Omega Centauri is a globular cluster in the constellation Centaurus that Edmond Halley discovered in 1677 as a non-stellar object. It is the Milky Way’s largest globular star cluster, containing approximately 10 million stars. At a distance of 17,090 light-years (5,240 pc), it is the Milky Way’s largest known globular cluster, with a diameter of about 150 light-years. It is estimated to contain approximately 10 million stars and a total mass of 4 million solar masses, making it the Milky Way’s most massive known globular cluster.
Omega Centauri is so different from most other galactic globular clusters that it’s thought to be the core remnant of a disrupted dwarf galaxy. Scientists concluded that the stars in Omega Centauri would interact with each other too frequently for stable habitable planets to exist.
Observation history
Ptolemy, a Greco-Roman writer, and astronomer cataloged this object as a star on the horse’s back in his Almagest in 150 AD, “Quae est in Principio scapulae.” With his 1603 publication of Uranometria, German lawyer and cartographer Johann Bayer used Ptolemy’s data to designate this object “Omega Centauri.” English astronomer Edmond Halley rediscovered this object in 1677 using a telescope from the South Atlantic island of Saint Helena, listing it as a non-stellar object. Halley included it in his list of six “luminous spots or patches” in the Philosophical Transactions of the Royal Society in 1716.
Omega Centauri was included in Swiss astronomer Jean-Philippe de Cheseaux’s 1746 list of 21 nebulae, as was French astronomer Lacaille in 1755, hence the catalog number L I.5. In 1826, Scottish astronomer James Dunlop identified it as a globular cluster, describing it as a “beautiful globe of stars very gradually and moderately compressed to the center.”
Properties
Omega Centauri, located approximately 17,090 light-years (5,240 pc) from Earth, is one of the few globular clusters visible to the naked eye—and appears nearly as large as the full Moon when viewed from a dark, rural area. It is the brightest, largest, and most massive known globular cluster associated with the Milky Way, weighing in at 4 million solar masses. Only Mayall II in the Andromeda Galaxy is brighter and more massive than the other globular clusters in the Local Group. Omega Centauri is about 12 billion years old and orbits the Milky Way. It contains several million Population II stars.

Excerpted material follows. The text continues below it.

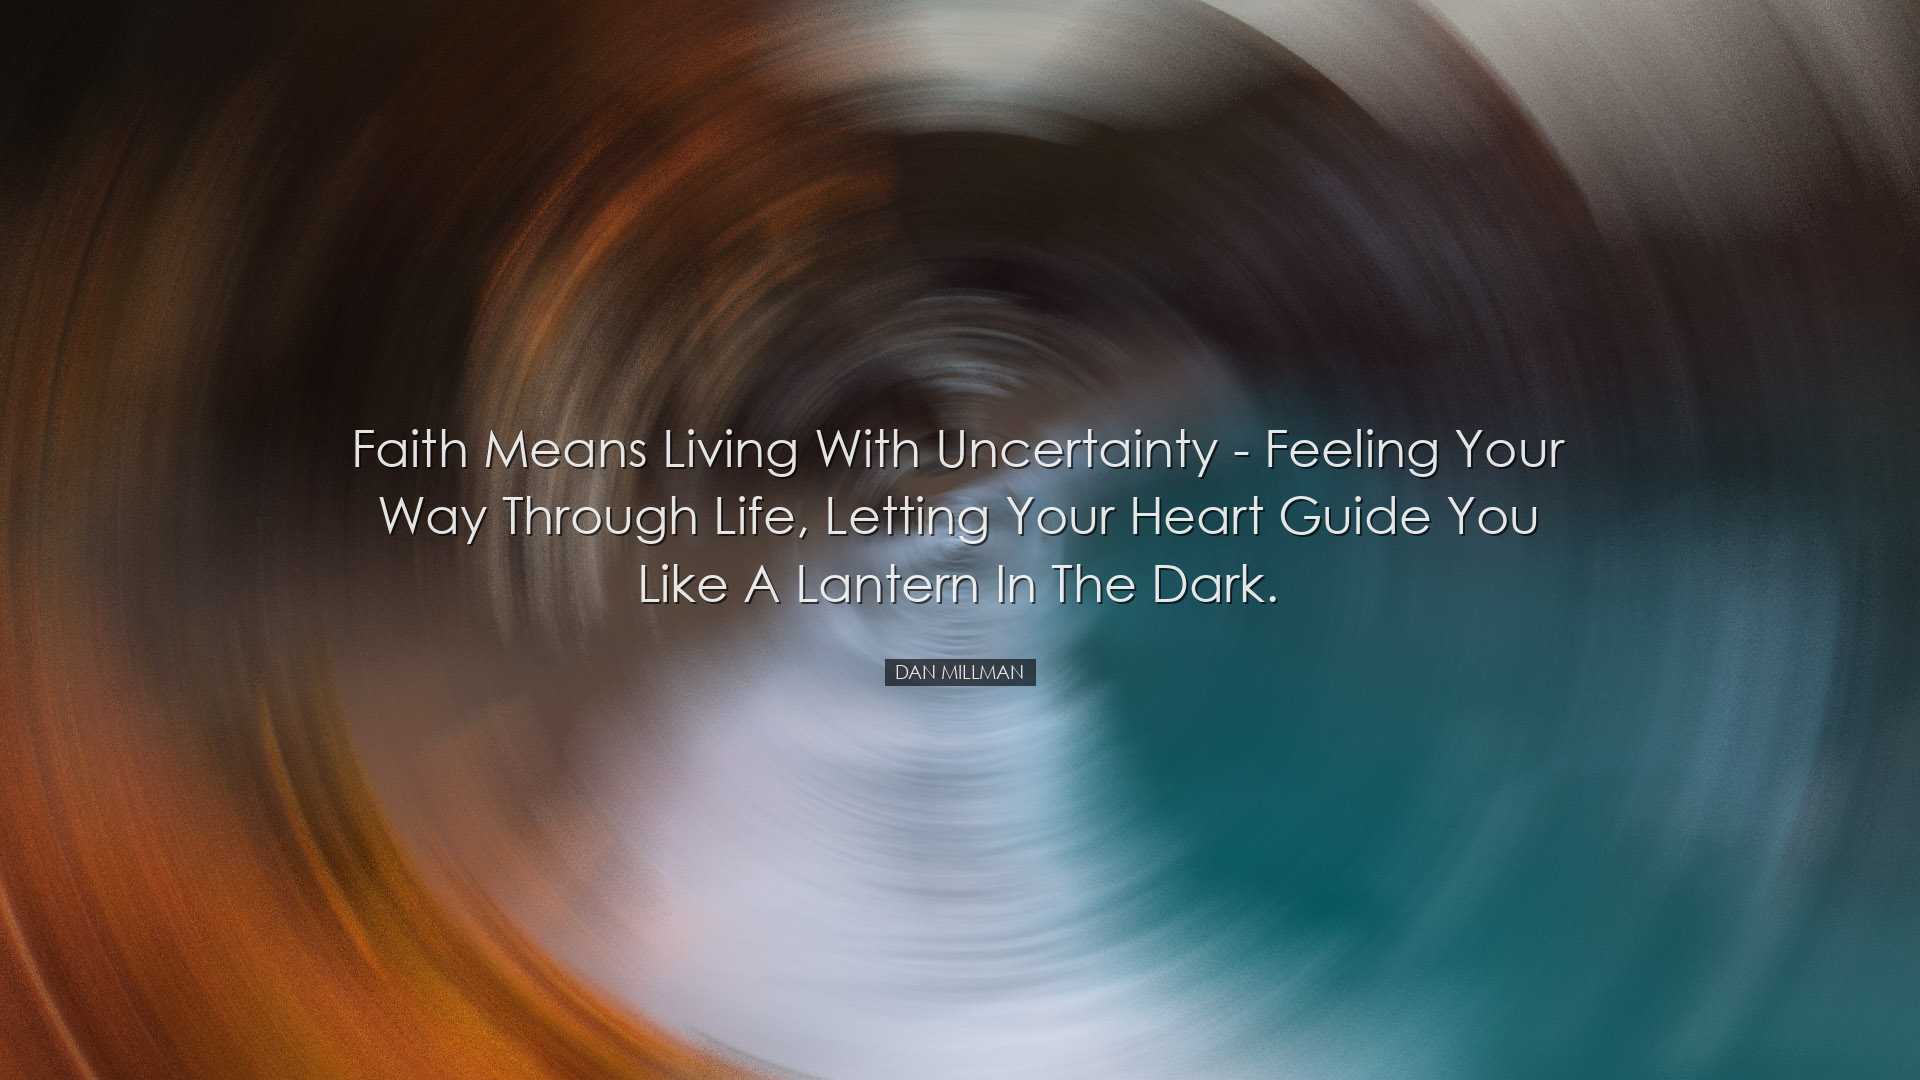 Faith means living with uncertainty - feeling your way through lif

The stars in Omega Centauri’s core are so close together that they are only 0.1 light-years apart on average. The internal dynamics of 469 stars were studied using radial velocity measurements. The members of this cluster have a peak velocity dispersion of 7.9 km s1 as they orbit the center of mass. The mass distribution inferred from the kinematics is slightly longer than, but not significantly different from, the luminosity distribution.